A FORMER executive of luxury resort brand Aman Resorts is behind the operations of Banwa Private Island, hailed by international foreign travel and business publications as the “most expensive in the world.”
In a text exchange with the BusinessMirror, Bobby Horrigan, chief executive officer of Aquos Management Inc., which manages Banwa, confirmed that Aquos Foundation owned the posh island resort. The foundation’s president is Janet Oquendo, “former Aman head under Adrian [Zecha, Aman Resorts founder] for 23 years.”
Oquendo was previously connected with Amanpulo, the playground of Hollywood celebrities in Palawan; Amanjena in Marrakech, Morocco; and Amanwella in Sri Lanka. According to published sources, Oquendo hails from Palawan.
Banwa’s web site shows Rochelle Kilgariff, Banwa’s general manager, as having previous experience in managing “bespoke” luxury accommodations such as Soneva Fushi in the Maldives, Six Senses Hideaway Zighy Bay in Oman, Karma Kandara in Bali, and Finolhu and Amilla, also in the Maldives.
Horrigan himself is a hospitality management veteran, having worked previously with the Discovery Leisure Group.
Horrigan said the “people behind [the foundation] is a group of Filipino businessmen,” though he did not identify who they were. Pressed on their identities and if the owners had been connected with the tourism industry before, or were in capital management, the Aquos Management executive said, they “are regular businessmen only.”

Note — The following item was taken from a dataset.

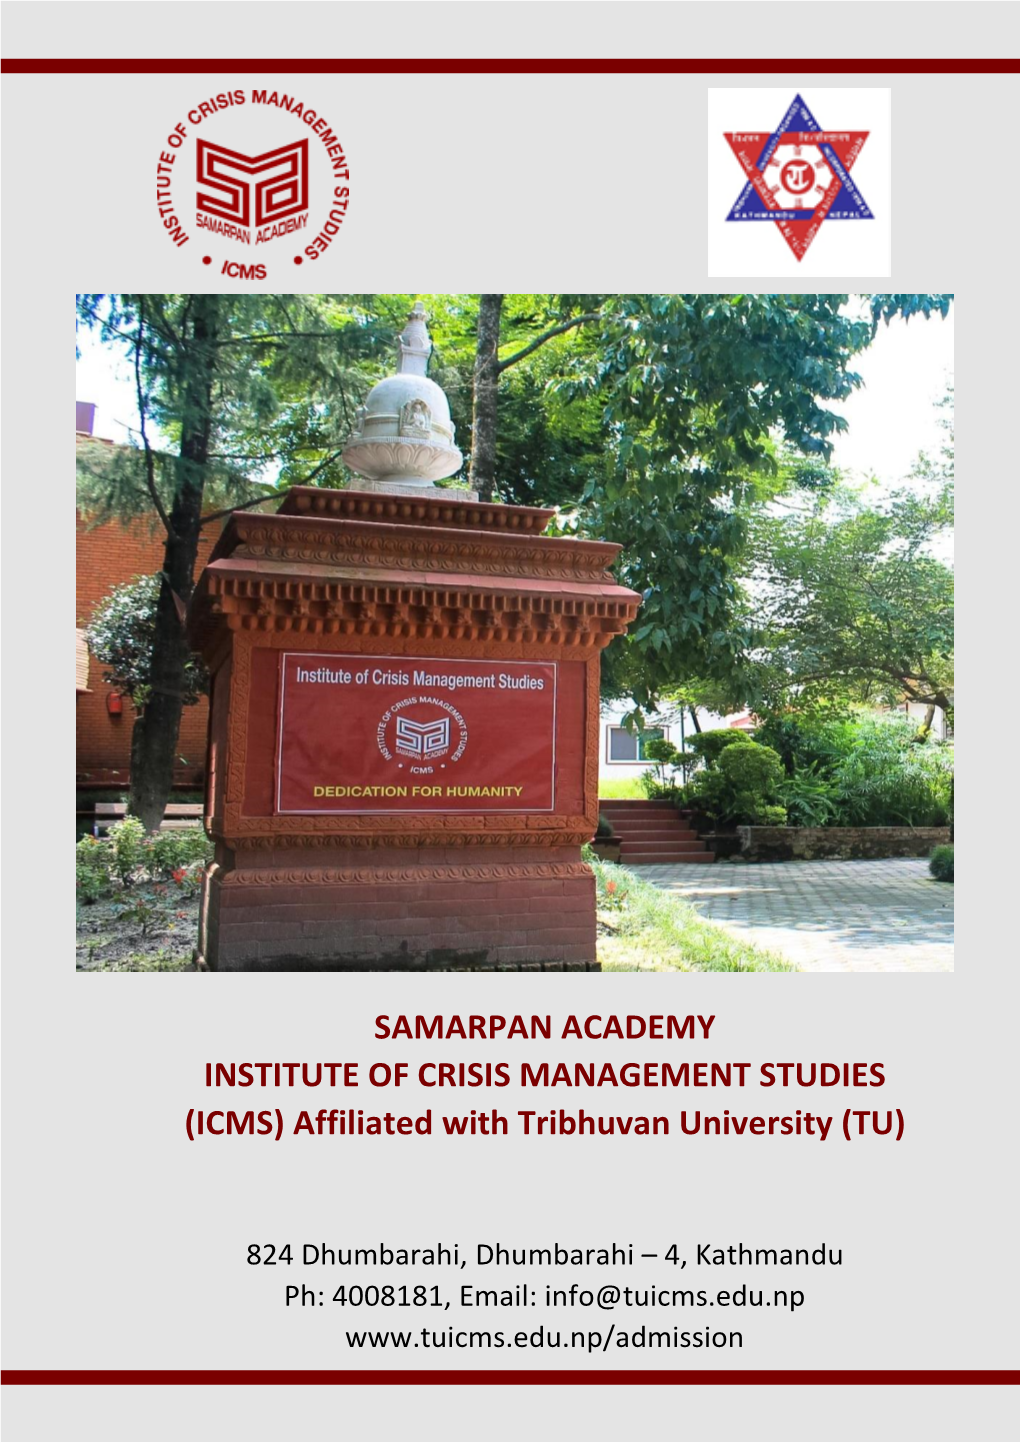 ICMS) Affiliated with Tribhuvan University (TU

Sources said high-ranking officials of the DOT were not pleased with the opening of Banwa, which generated a lot of publicity here and abroad for its $100,000 a night accommodations, because it failed to secure accreditation from the agency. “They’re actually not allowed to operate,” an official informed this paper. The sources added that the DOT, thereafter, told the resort’s management to submit their application for accreditation.

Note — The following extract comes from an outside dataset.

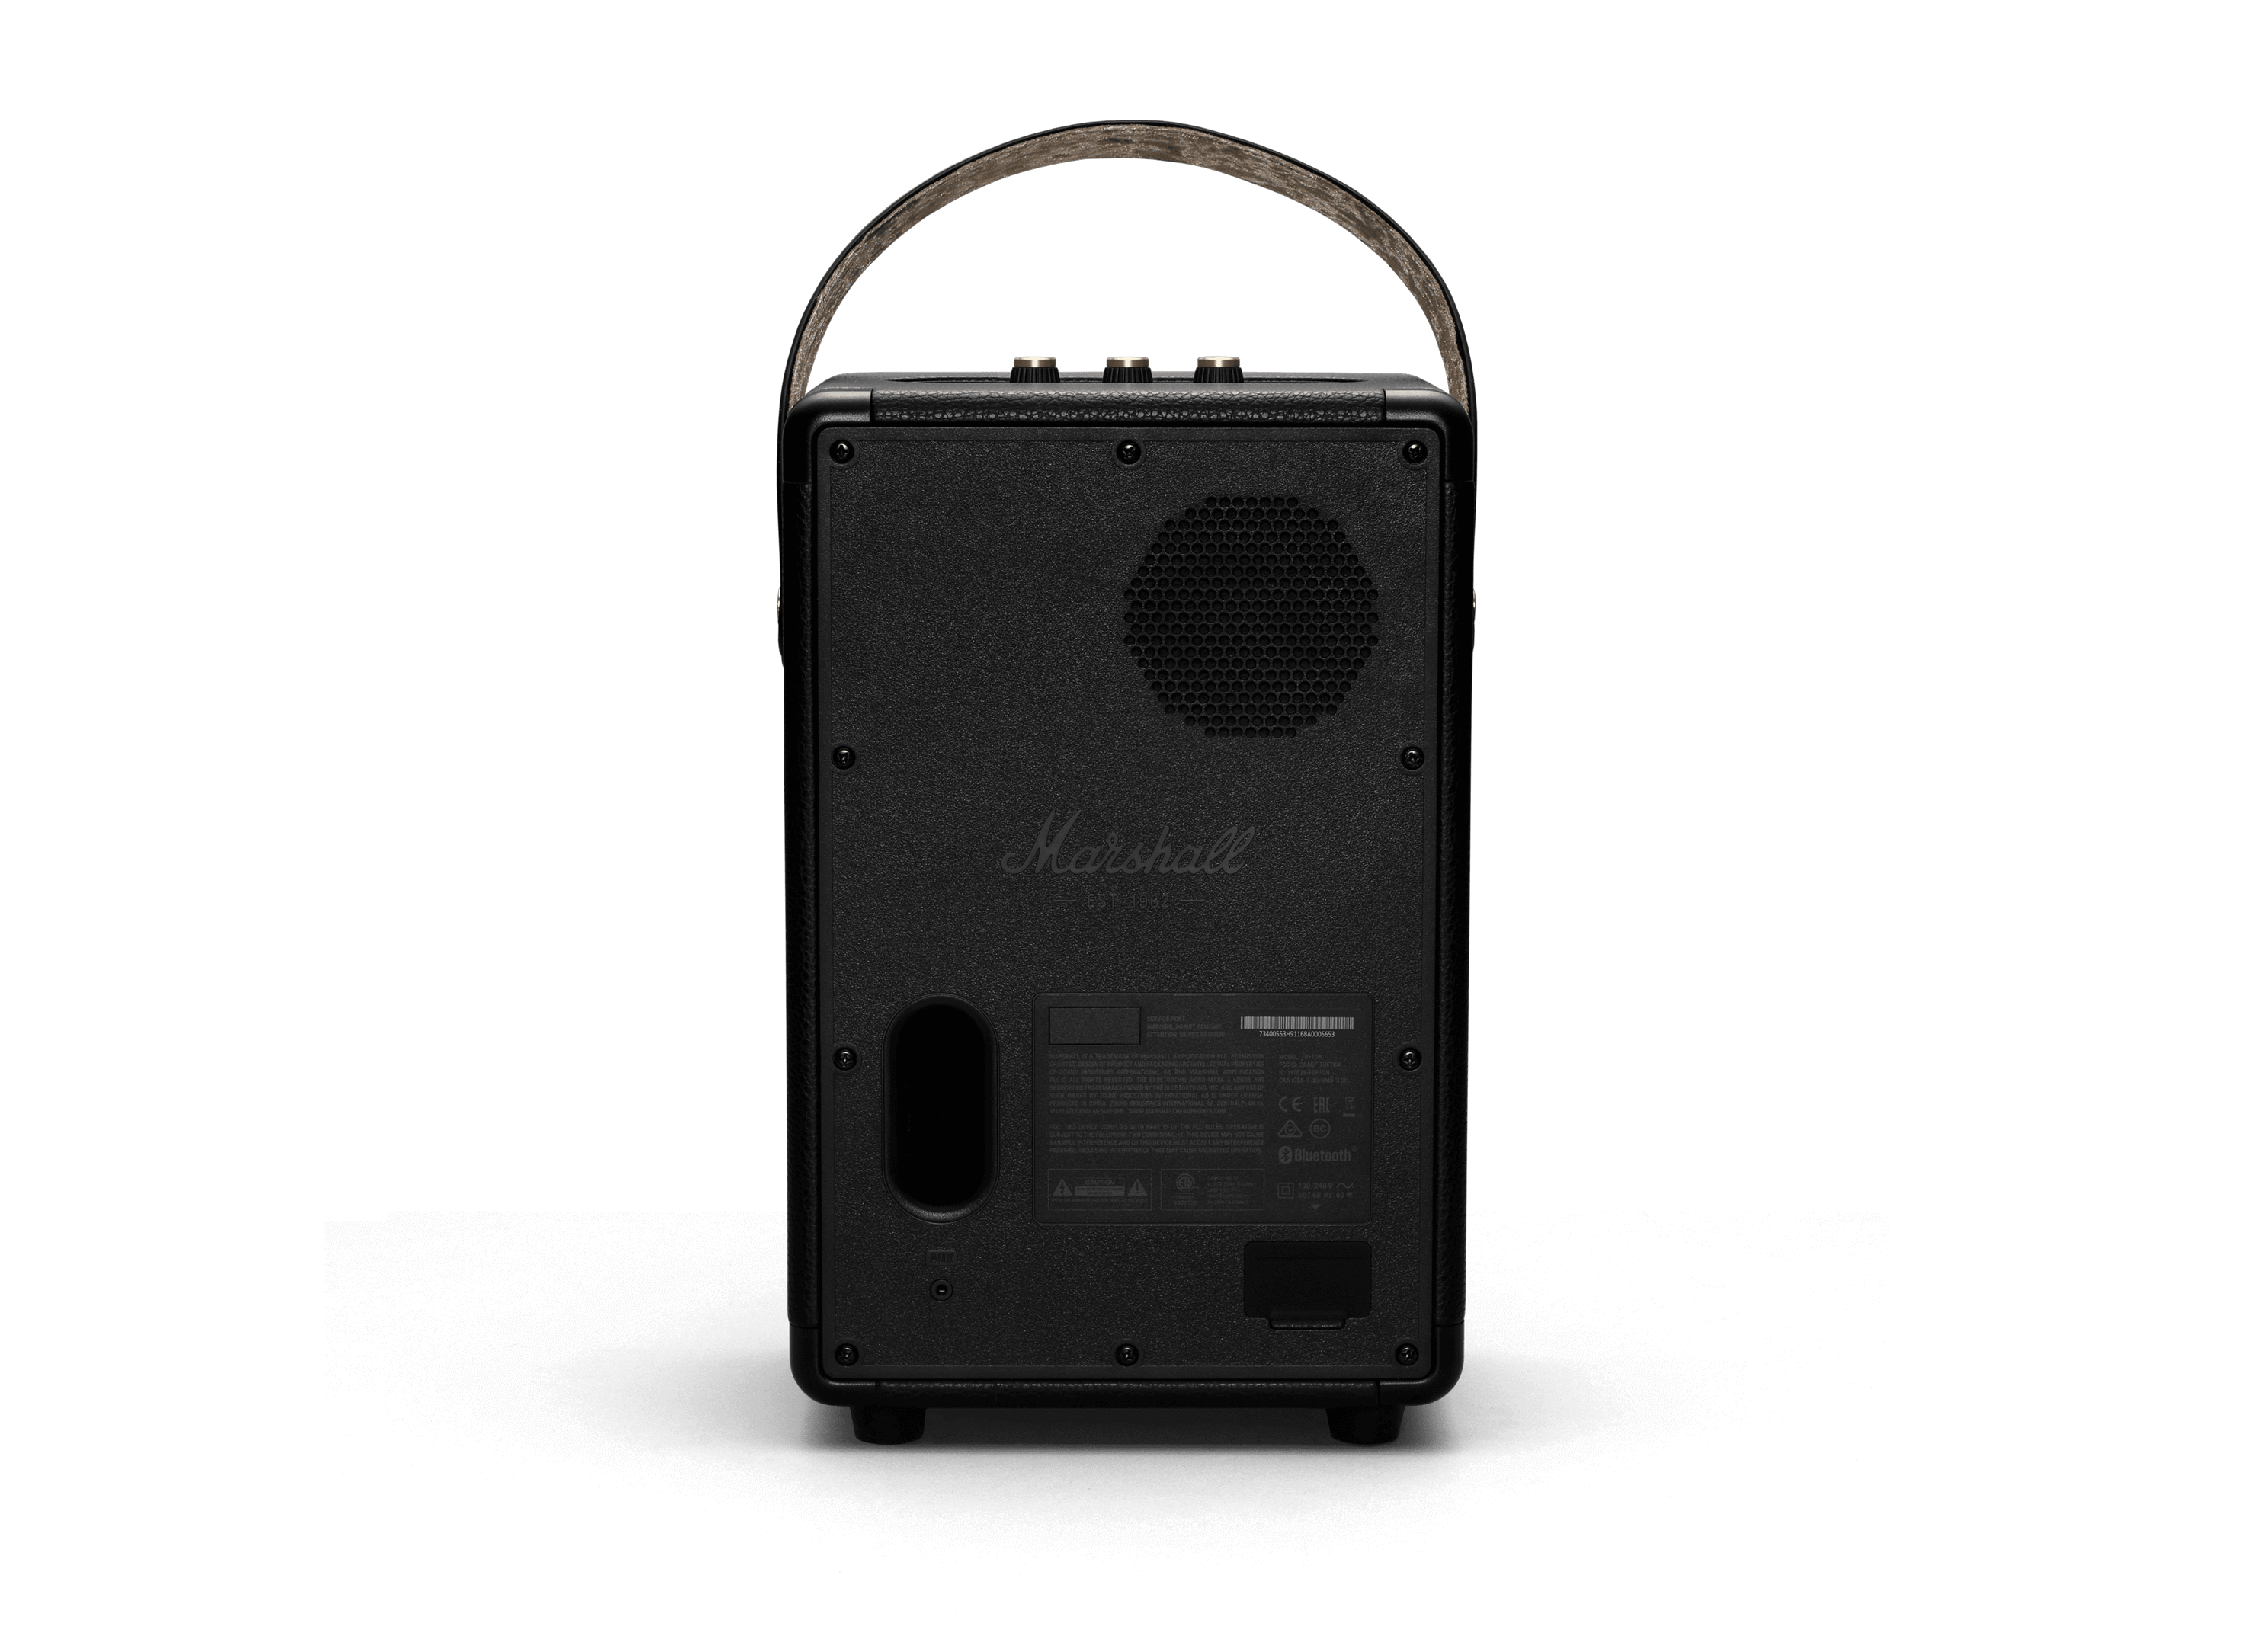 Enceinte portable MARSHALL Tufton Black & Brass

Asked about the status of their accreditation application, Horrigan said, however, he “doesn’t know these details. Our GM Rochelle Kilgariff would know more about this subject.” (See, “No DOT accreditation for costliest resort,” in the BusinessMirror, May 21, 2019.)
He enjoined this paper to e-mail him questions about the resort. No responses from Aquos Management or from Banwa resort have been received as of press time.
Republic Act 9593, or the “Tourism Act of 2009”—as supported by the Department of the Interior and Local Government Memorandum Circular 2019-17—requires primary tourism enterprises (PTEs), which include hotels and resorts, to seek accreditation from the DOT, before local government units issue them business permits. “Noncompliance to the provisions thereof is punishable by law,” according to a news statement from the DOT.
PTEs also include travel and tours services; land, sea and air transport services exclusively for tourist use; and other enterprises identified by the tourism secretary in consultation with tourism stakeholders.
In a separate news statement, the DOT once more warned the public to only transact with agency-accredited tourism establishments.